Michelle Shocked – Arkansas Traveller

Sie könnte längst eine Ikone vom Rang einer Lucinda Williams sein, wenn sie nicht ganz bewusst so viele, manchmal nicht recht nachvollziehbare Häutungen gemacht hätte. Im selben Jahr wie „Lucinda Williams“ erschien von ihr „Short Sharp Shocked“, ein Meisterwerk, das kürzlich als Doppel-CD remastered neu aufgelegt – 16 Jahre später noch famoser klingt als damals. Das war der Stoff, aus dem gewöhnlich Kultfiguren geboren werden. Mit dem Studio-Debüt (Producer: Pete Anderson) war der Texanerin ein Meisterwerk im Alt Country-Genre gelungen, bevor der Begriff überhaupt in Mode kam. Ein noch weit kompletteres Bild der Künstlerin, auch ihre Folk- und Blues-Roots dokumentierend, bietet die Expanded Edition. Dwight Yoakam wird das verschmerzen, wenn Pete Anderson in seinen Liner Notes dazu bekennt: „It’s the best record I’ve ever made.“

Aber anstatt dort konsequent anzuknüpfen, schockierte Miss Shocked die Plattenfirma ein Jahr darauf mit einem Ausflug in den Big-Band-Jazz der 40er Jahre und wechselte für „Captain Swing“ komplett die musikalische Identität aus. Vielleicht wollte sie uns damit ja sagen, dass die Wurzeln aller Rockmusik bis in jene Jahre zurück reichen.

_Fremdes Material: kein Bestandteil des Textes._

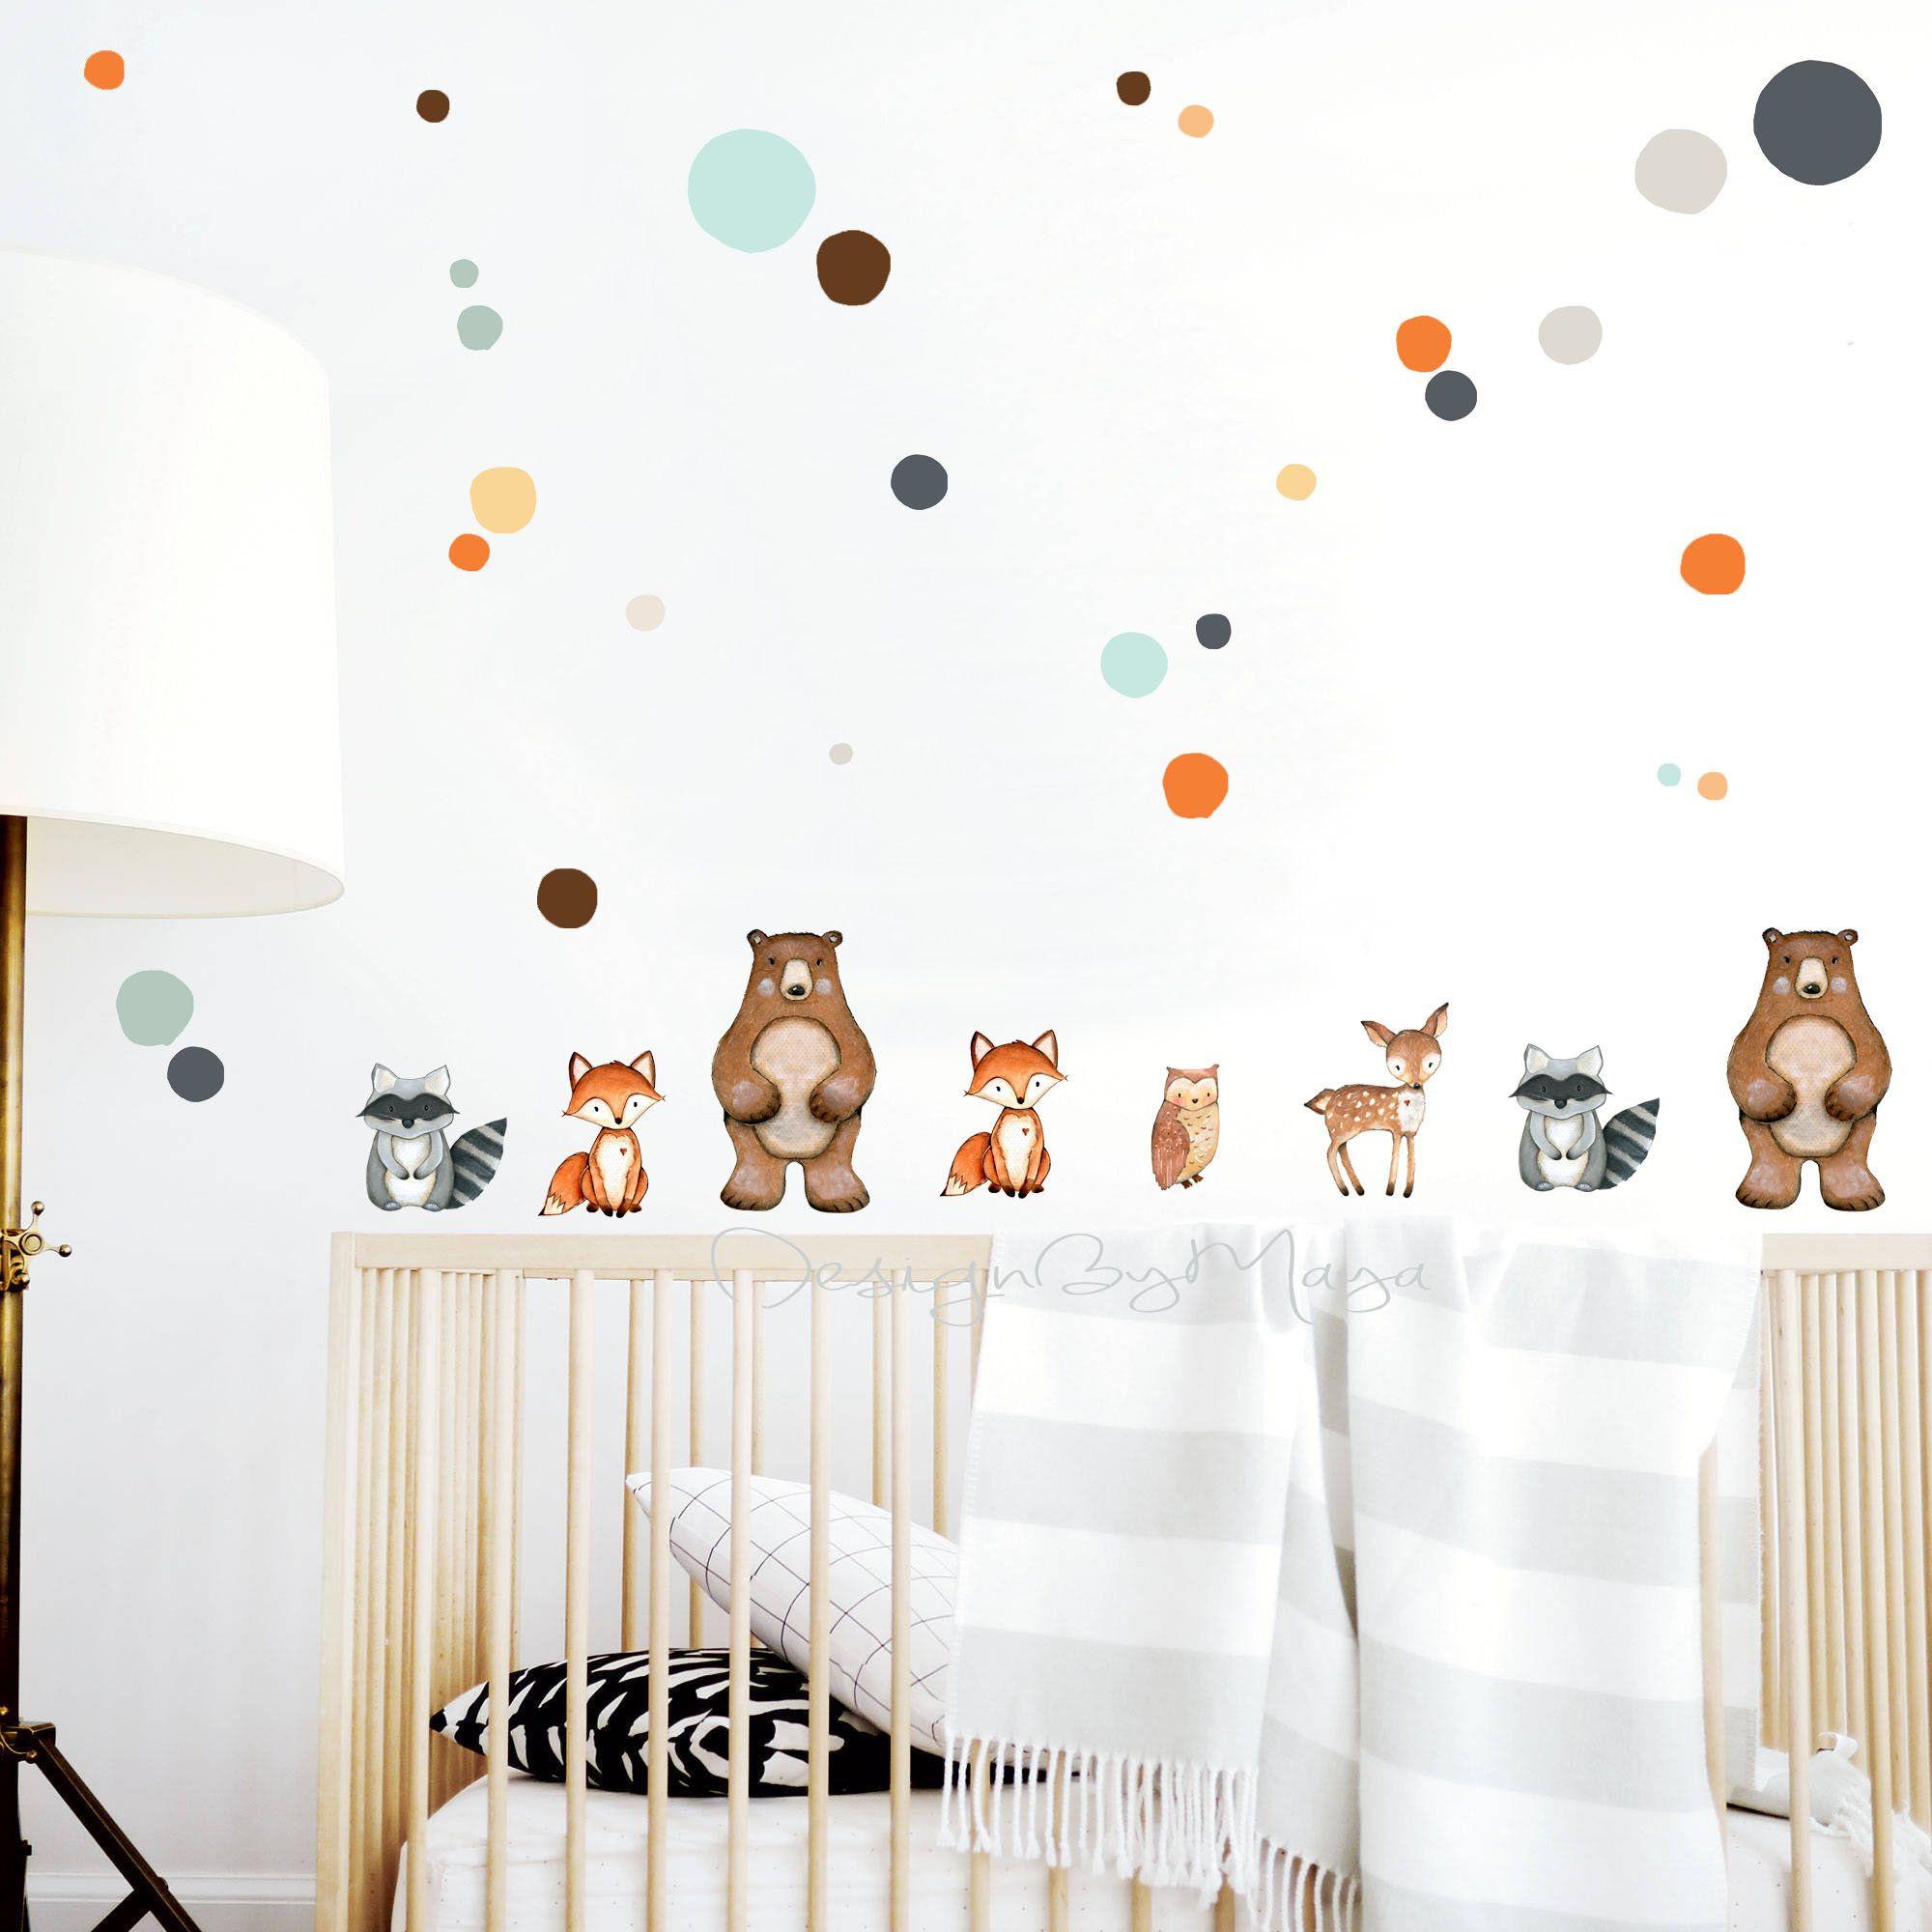 Nursery Decal Woodland Animal Decals Polka Dots Stickers   Etsy   Nursery Wall Decals, Nursery Decals, Baby Room Decor

Wiederum ein Jahr später ging sie noch viel weiter zurück in die musikalische Vergangenheit Jetzt zahlte sich aus, dass ihr Vater sie in zartem Teenager-Alter mit den Platten hochkarätiger Songschreiber-Koryphäen von Big Bill Broonzy bis zu Randy Newman und Country-Neutöner Guy Clark bekannt gemacht hatte. Mit dem Vorschuss von Mercury Records engagierte sie für das Roots-Projekt Musiker von Rang und Namen. Von The Band bis zu Unde Tupelo ganz tolle Gruppen, den an Gitarre, Banjo usw. oft zu hörenden Bernie Leadon als Music Director des Ganzen, von der damals noch nicht mit Grammys überhäuften Alison Krauss bis zu den viel gepriesenen Hothouse Flowers einige der kompetentesten denkbaren Begleiter. Auch mit von der Partie waren bei dieser Revue vieler Populärmusik-Gattungen der Südstaaten Veteranen wie Clarence „Gatemouth“ Brown, Taj Mahal, Pops Staples und Doc Watson.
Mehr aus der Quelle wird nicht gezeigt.